- First appearance: The Flintstones: "The Flagstones" (pilot) (as Fred Flagstone) 1959 "The Flintstone Flyer" (1.01) (as Fred Flintstone) September 30, 1960
- Created by: William Hanna Joseph Barbera
- Appearance: Caveman, orange shirt, blue tie, black hair, barefoot
- Voiced by: Daws Butler (pilot; 1959, 1973) Alan Reed (1960–1977) Duke Mitchell (1960–1961) Jerry Wallace (1962) Henry Corden (1965–2005) Jeff Bergman (1984, 1994–present) Lennie Weinrib/Scott Menville (The Flintstone Kids) James Arnold Taylor (2005–2011, 2016) Rick Zieff (2021) Stephen Root (Bedrock)
- Portrayed by: John Goodman (1994 film) Alan Blumenfeld (look-alike, 1994 film) Mark Addy (2000 film)

In-universe information
- Full name: Frederick Joseph Flintstone Fred W. Flintstone
- Aliases: Muscles Flintstone Jake Steel
- Nicknames: Fred "Twinkletoes" (bowling alley nickname)
- Species: Human Caveman
- Gender: Male
- Occupation: Crane operator Police officer
- Family: Ed "Pops" Flintstone (father) Eithne "Edna" Flintstone (mother) Freida (sister; tie-in comic strips only) Ferd (nephew; tie-in comic strips only) Rockbottom K. "Rocky"/Stony Flintstone (paternal grandfather) Jed Flintstone (great-grandfather) Tex Hardrock (uncle) Jemina (aunt)^{[citation needed]} Giggles Flintstone (uncle) Hatrock (uncle) Zeke Flintstone (great-great-uncle) Davy Crockery (maternal great-grandfather) Tumbleweed (cousin) Mary Lou Jim (cousin) Pearl Slaghoople (mother-in-law) Ricky Slaghoople (father-in-law) Bamm-Bamm Rubble (son-in-law) Roxy Rubble (granddaughter) Chip Rubble (grandson)
- Spouse: Wilma Flintstone (wife)
- Children: Pebbles Flintstone (daughter) Stoney Flintstone (adopted son)
- Catchphrase: "Yabba-Dabba-Doo!"

= Fred Flintstone =

Character from The Flintstones

Fred Flintstone is the main protagonist of the animated sitcom The Flintstones, which aired during prime-time on ABC during the original series' run from 1960 to 1966. Fred is the husband of Wilma Flintstone and father of Pebbles Flintstone and together the family live in their homely cave in the town of Bedrock. His best friend is his next door neighbor, Barney, who has a wife named Betty.

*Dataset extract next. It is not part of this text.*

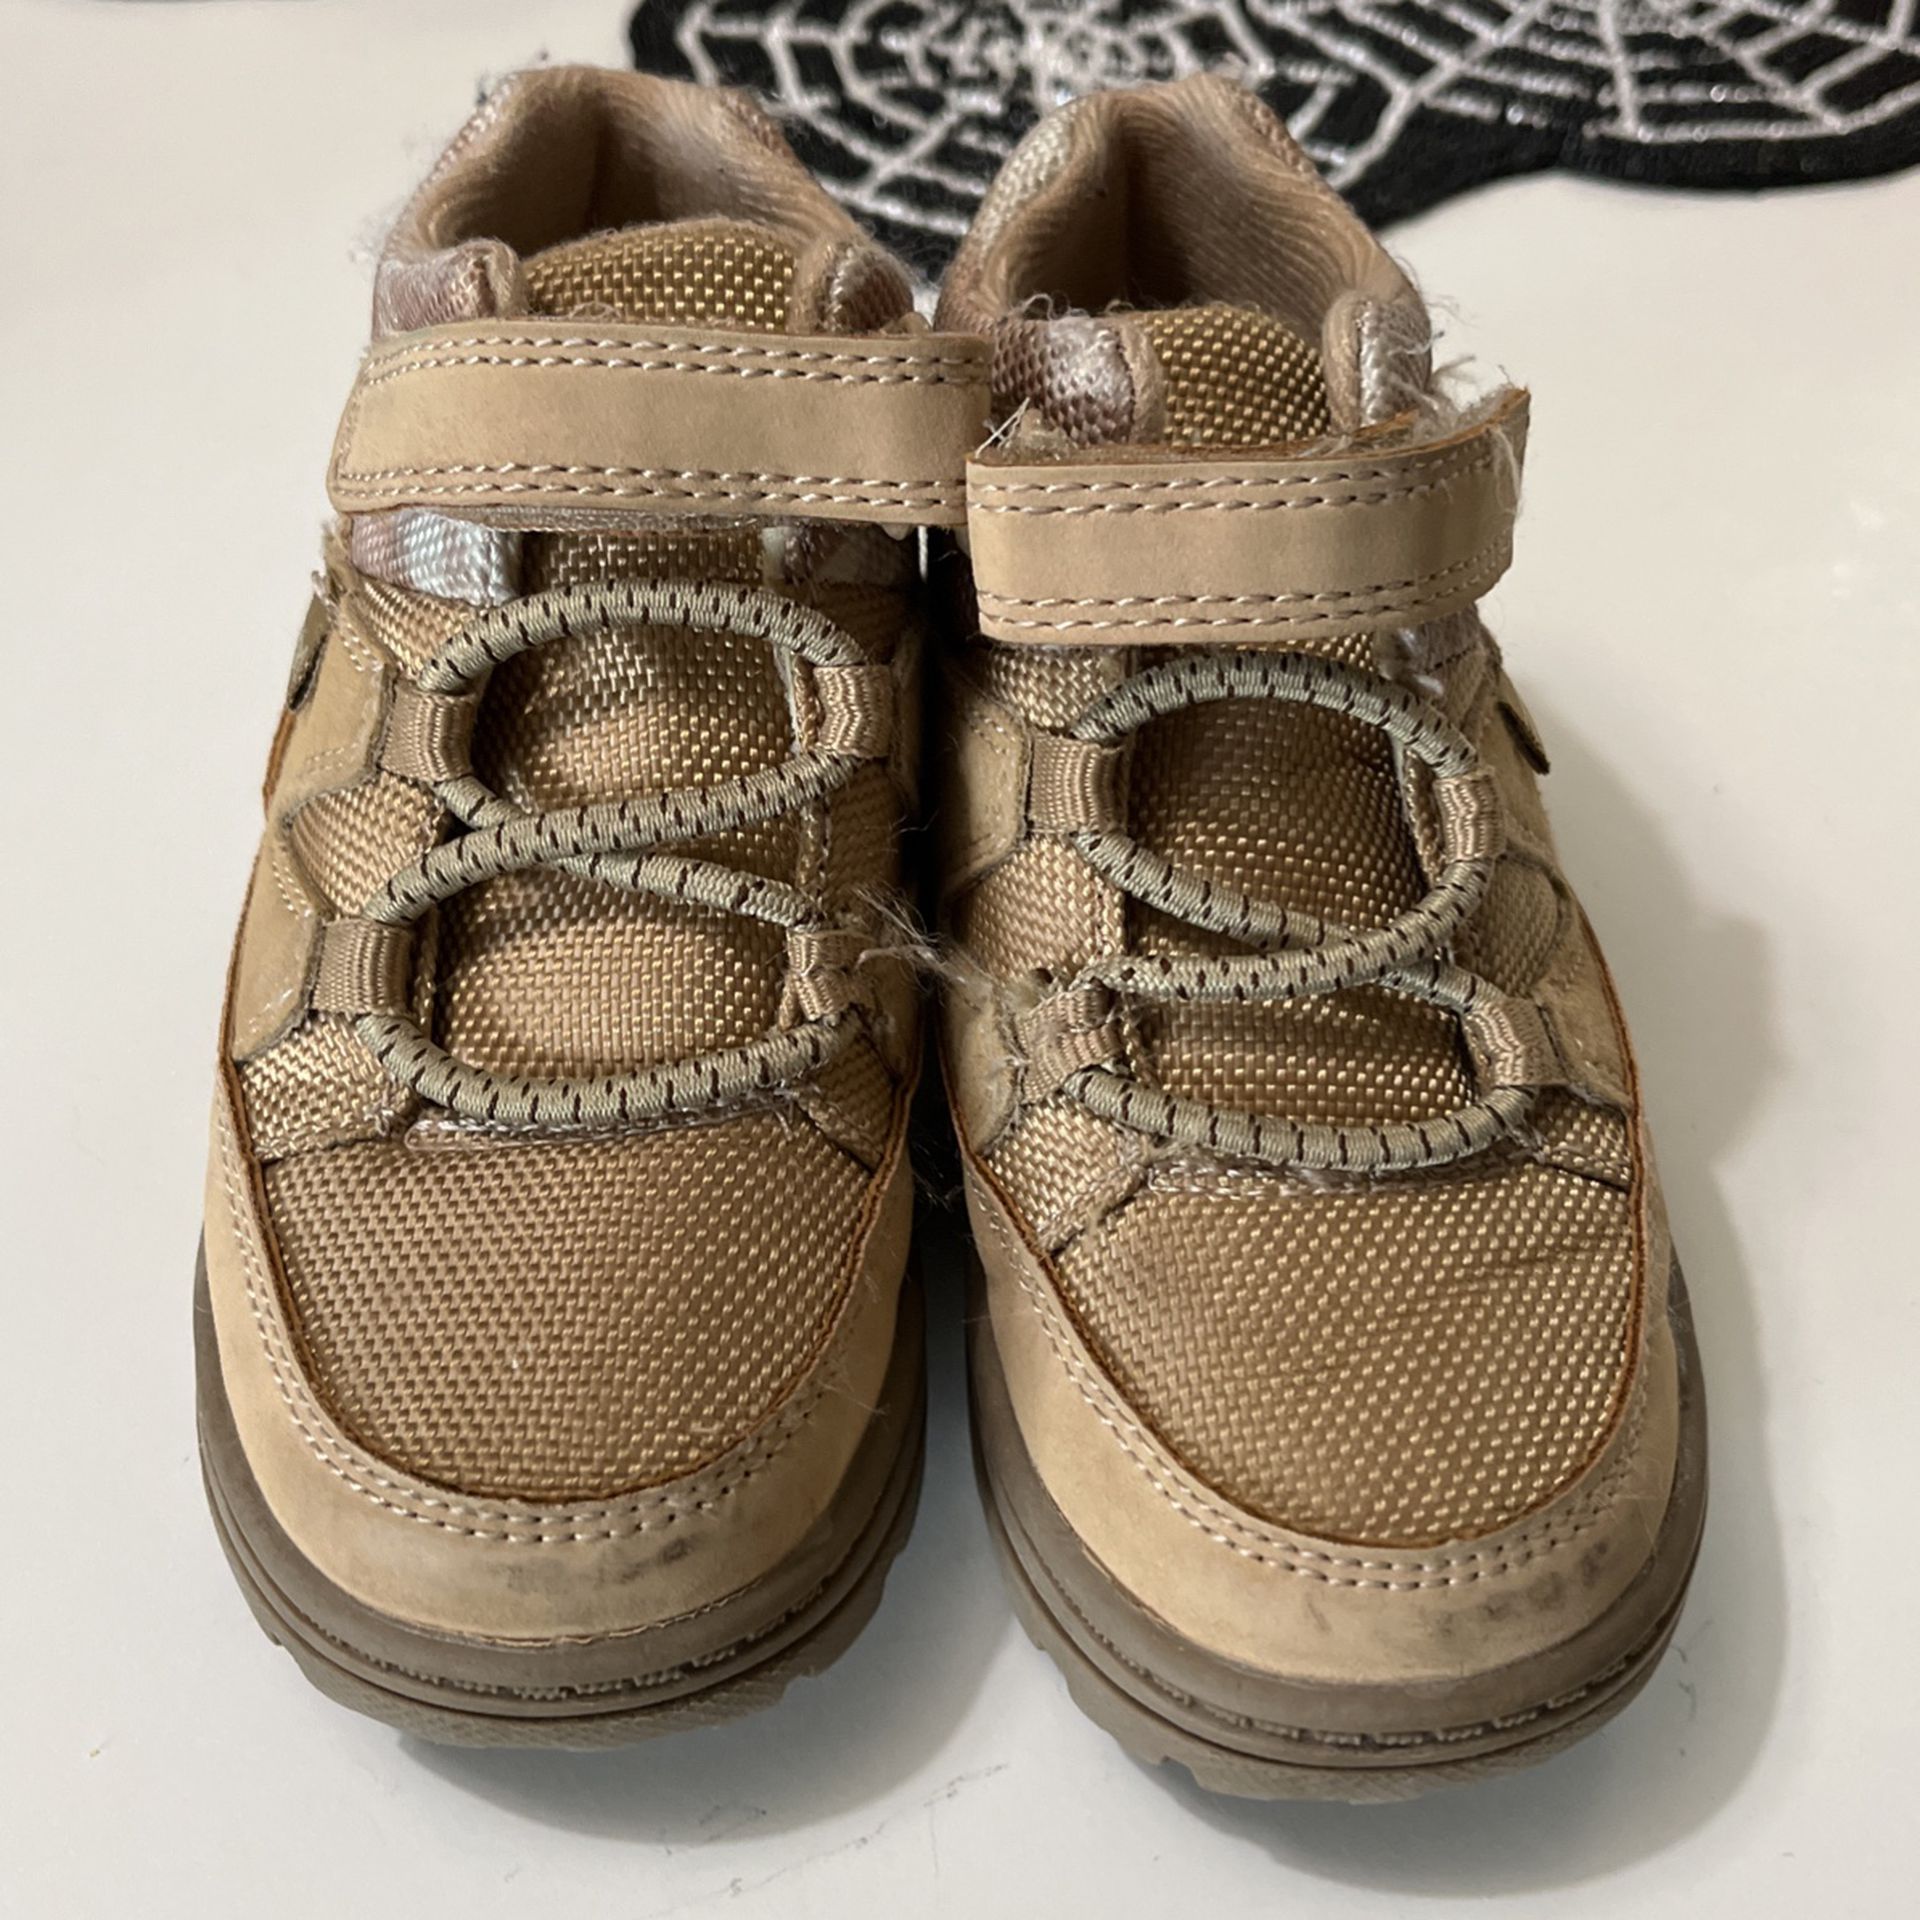 Boy Toddler Casual Boots

Fred lives in the fictional prehistoric town of Bedrock, a world where dinosaurs coexist with modernized cavepeople and the cavepeople enjoy "primitive" versions of modern conveniences such as telephones, automobiles, and washing machines. Fred's trademark catchphrase yell is "yabba dabba doo!", a phrase that was originally his club's cheer, and later adopted as part of the theme song from the third season on and used in the 1994 live-action Flintstones film.

Since the original series' run, Fred has appeared in various other cartoon spinoffs, live action adaptations, music videos, video games, and commercials.

==Biography==
While the mid-1980s spin-off series The Flintstone Kids depicts Fred as a child, the series may be apocryphal due to its presenting Wilma as a childhood friend of Fred and Barney; the original series asserts that they first met as young adults. Still, the series' depiction of Fred as the only child of Ed (a handyman) and Edna (homemaker) Flintstone might be canon. (Pops Flintstone was in a comic strip.)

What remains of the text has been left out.